Supplied information:
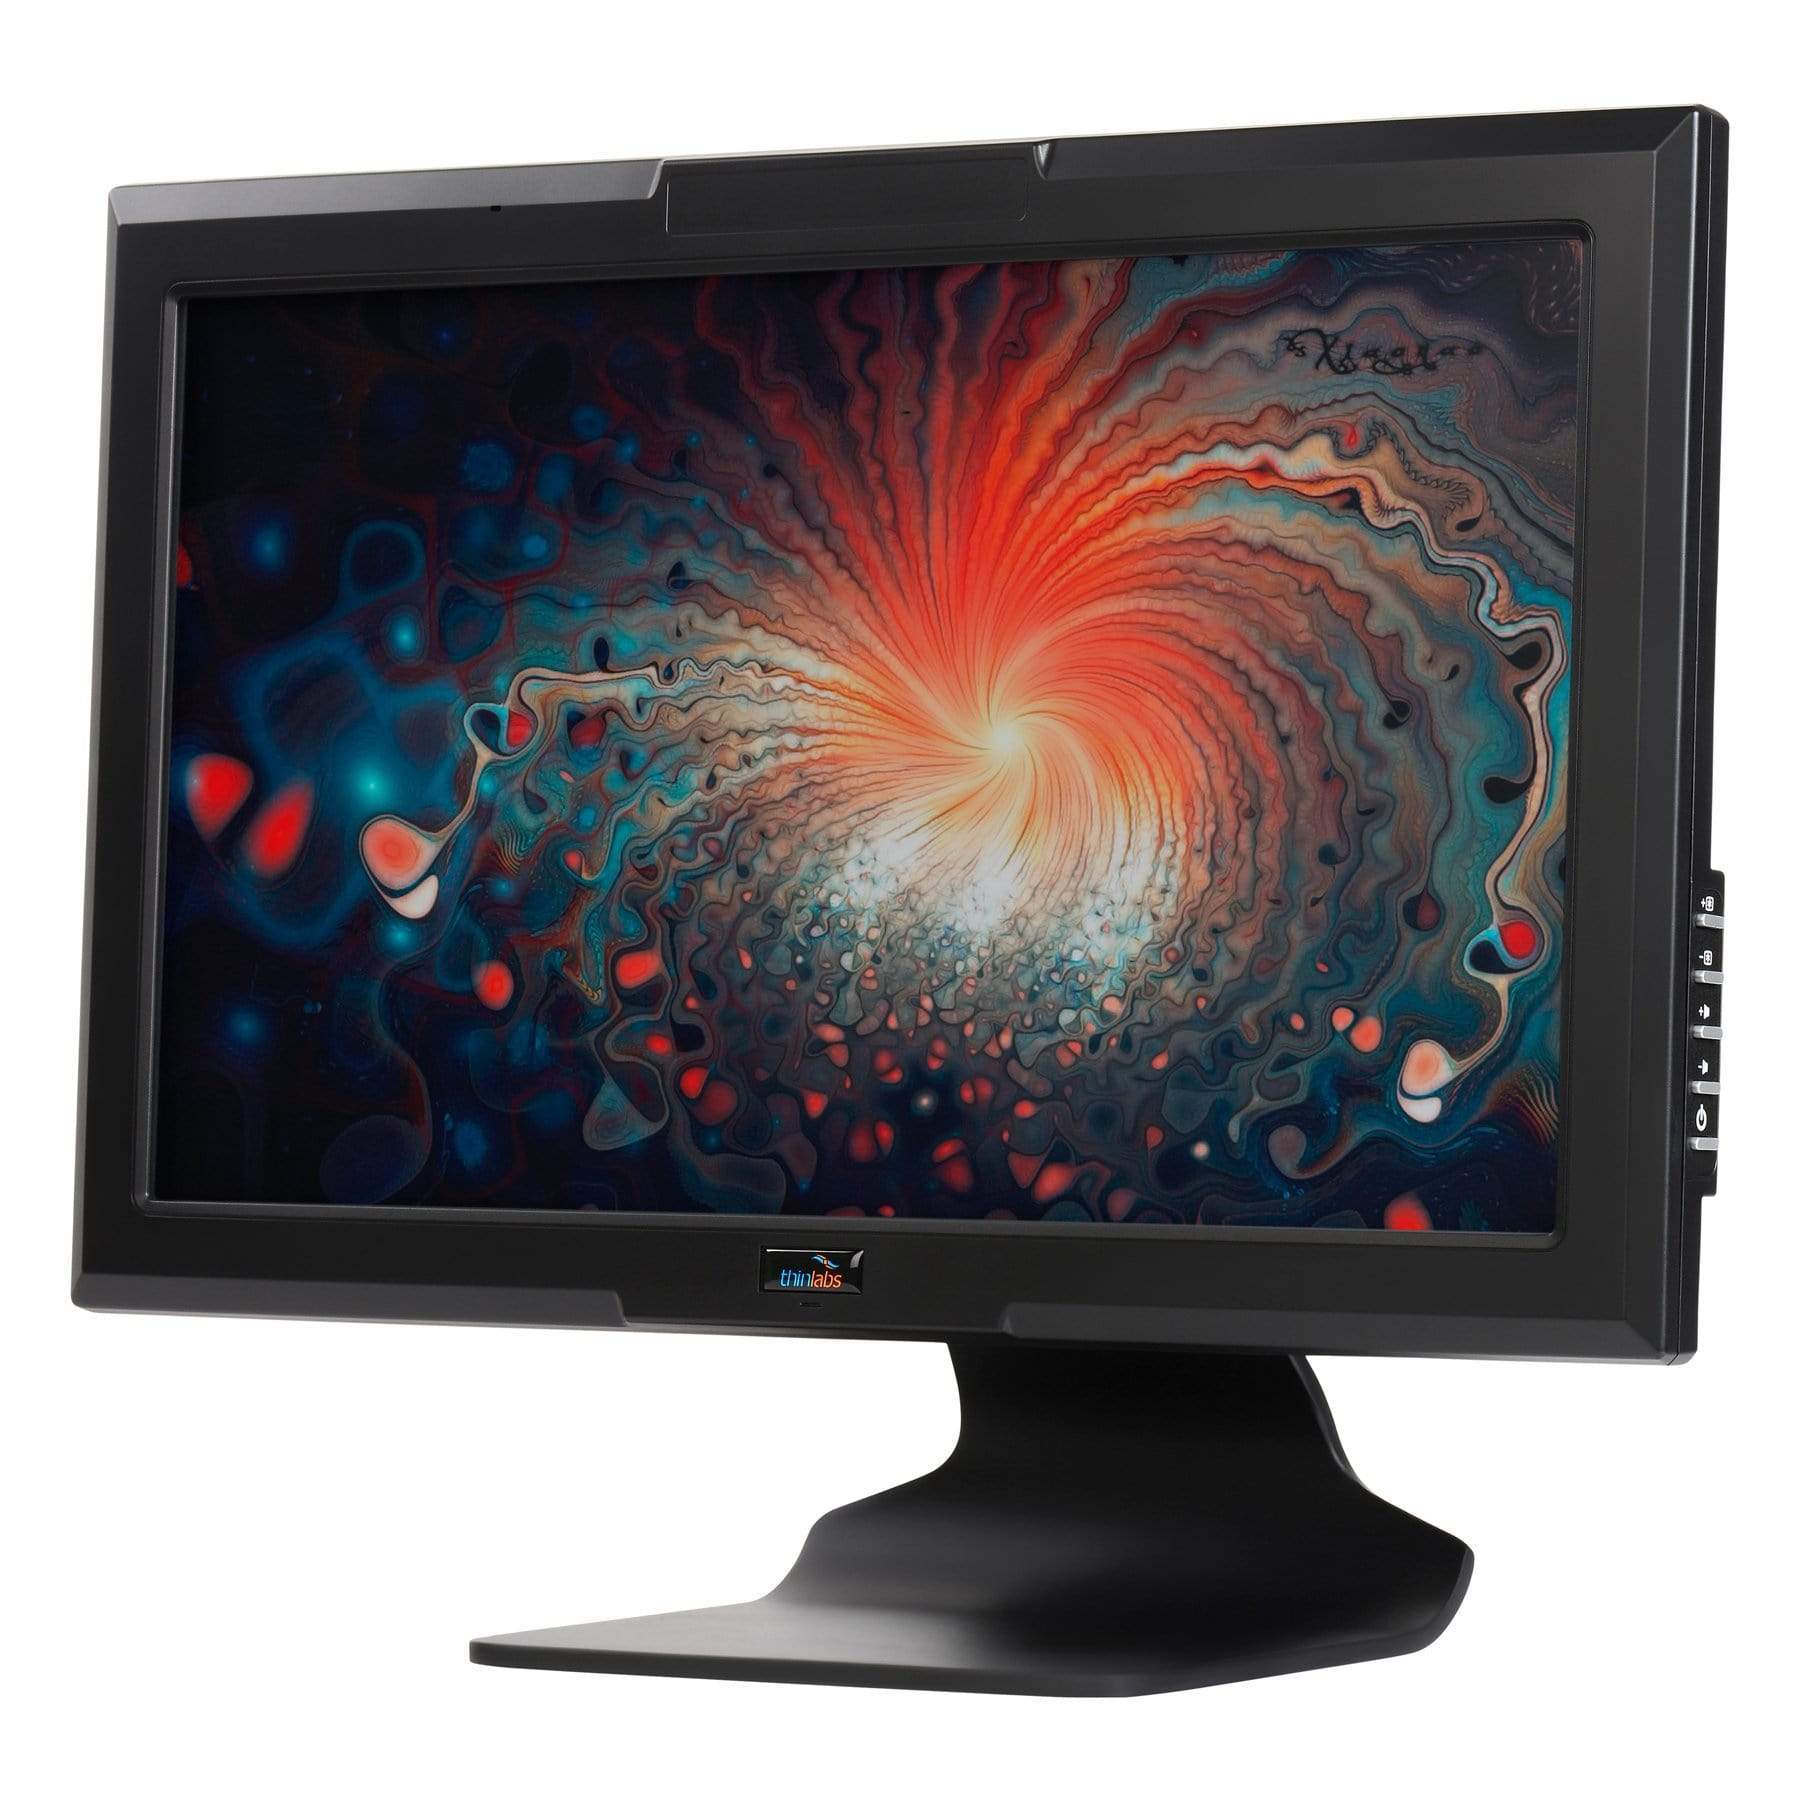 PoE Texas Display HELIOS All-in-One PoE+ pCAP Touchscreen Computer - 22" Desk Top Base, 8GB DDR3 RAM, 128GB mSATA
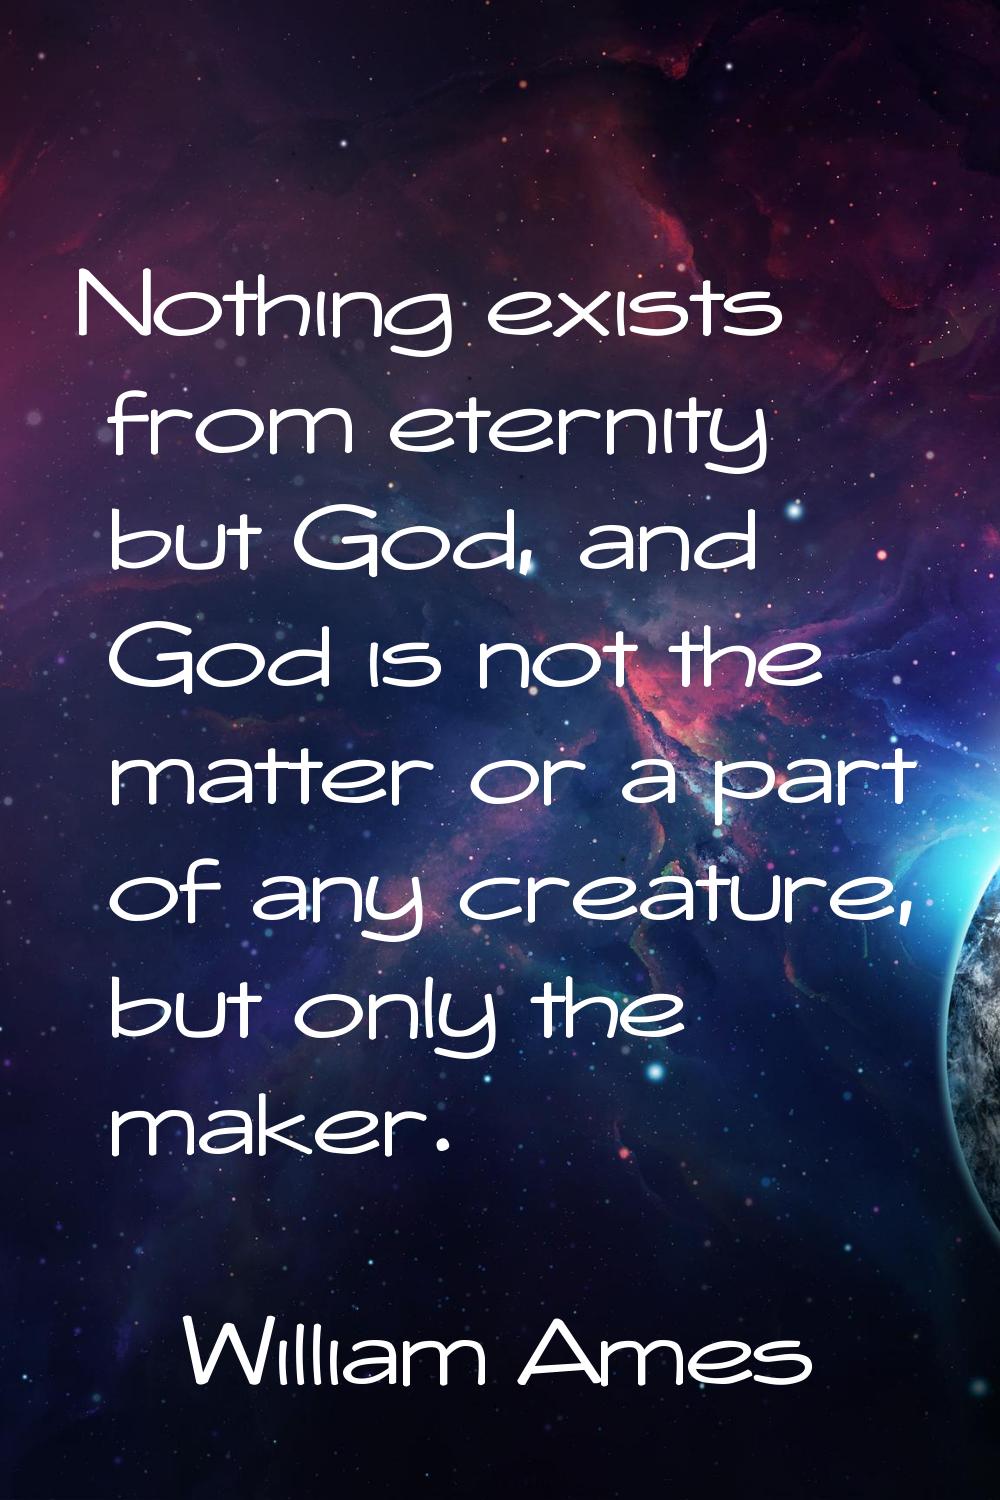 Nothing exists from eternity but God, and God is not the matter or a part of any creature, but only
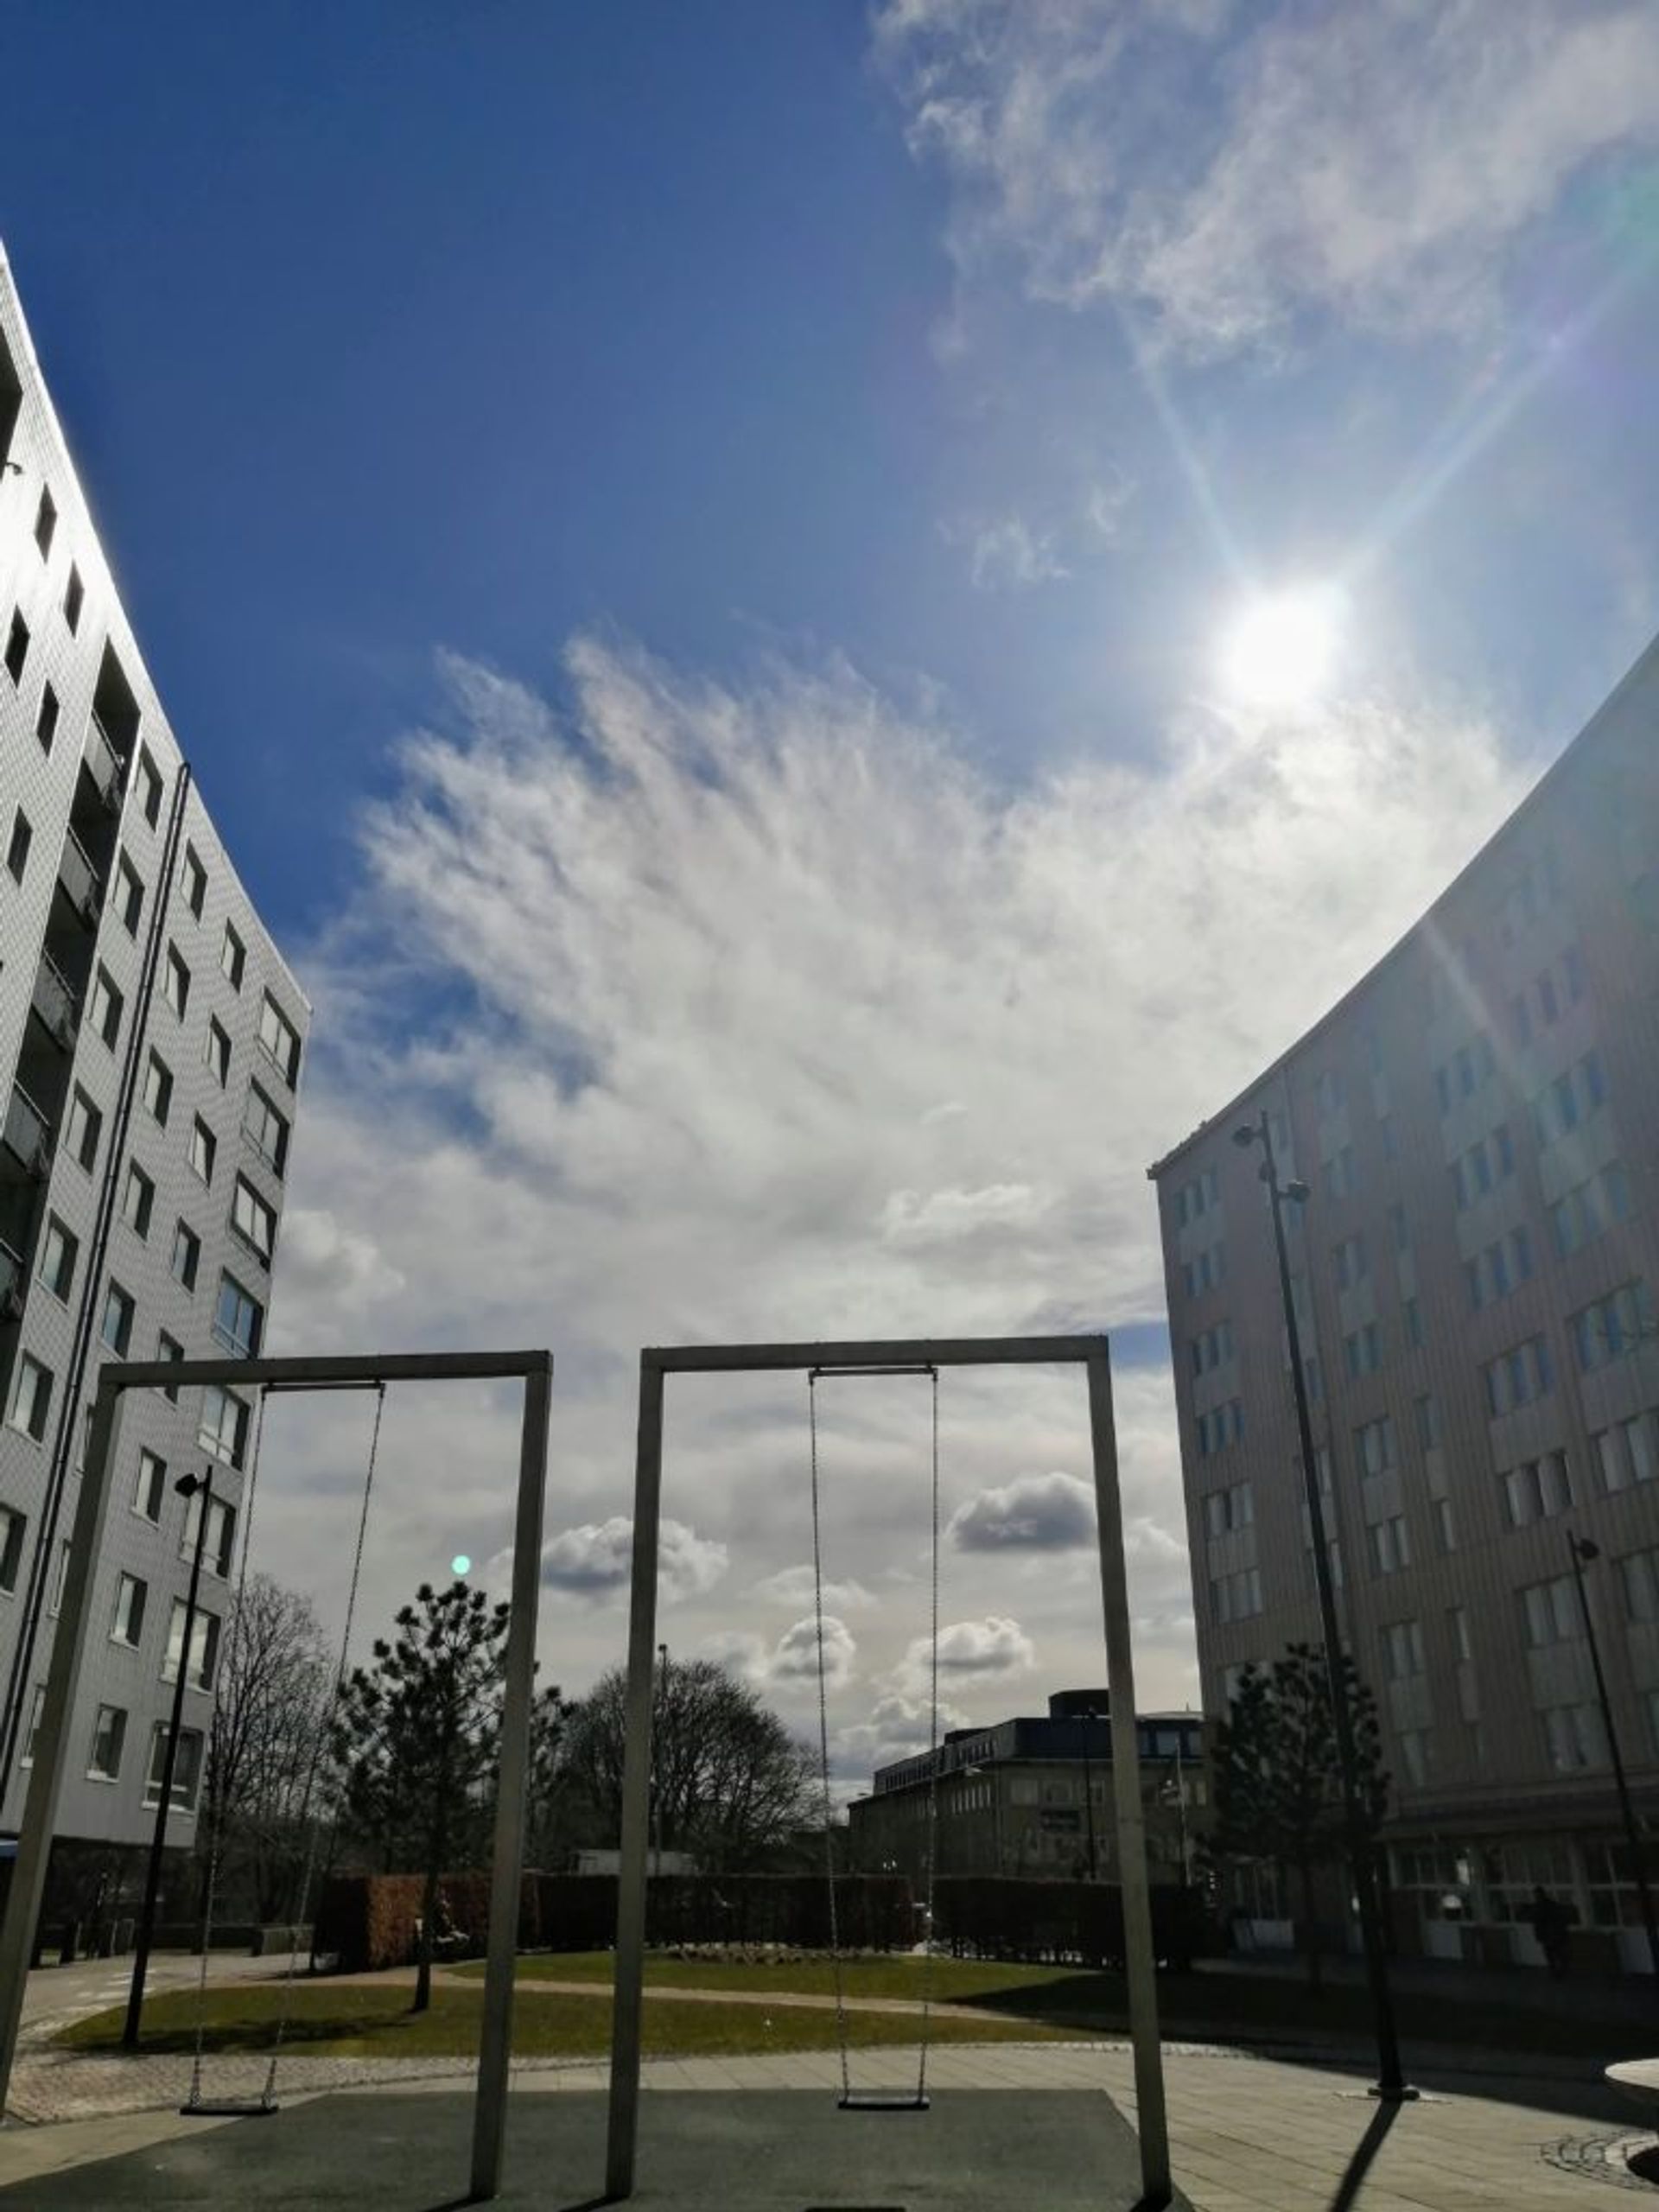 A swing set in between two tall apartment buildings with clouds overhead passing to reveal the sun

What the task asks:
Before copying the material, set its pictures aside; then transcribe it word for word.

Task answer:
 PoE Texas Display HELIOS All-in-One PoE+ pCAP Touchscreen Computer - 22" Desk Top Base, 8GB DDR3 RAM, 128GB mSATA
 Nothing exists from eternity but God, and God is not the matter or a part of any creature, but only
 A swing set in between two tall apartment buildings with clouds overhead passing to reveal the sun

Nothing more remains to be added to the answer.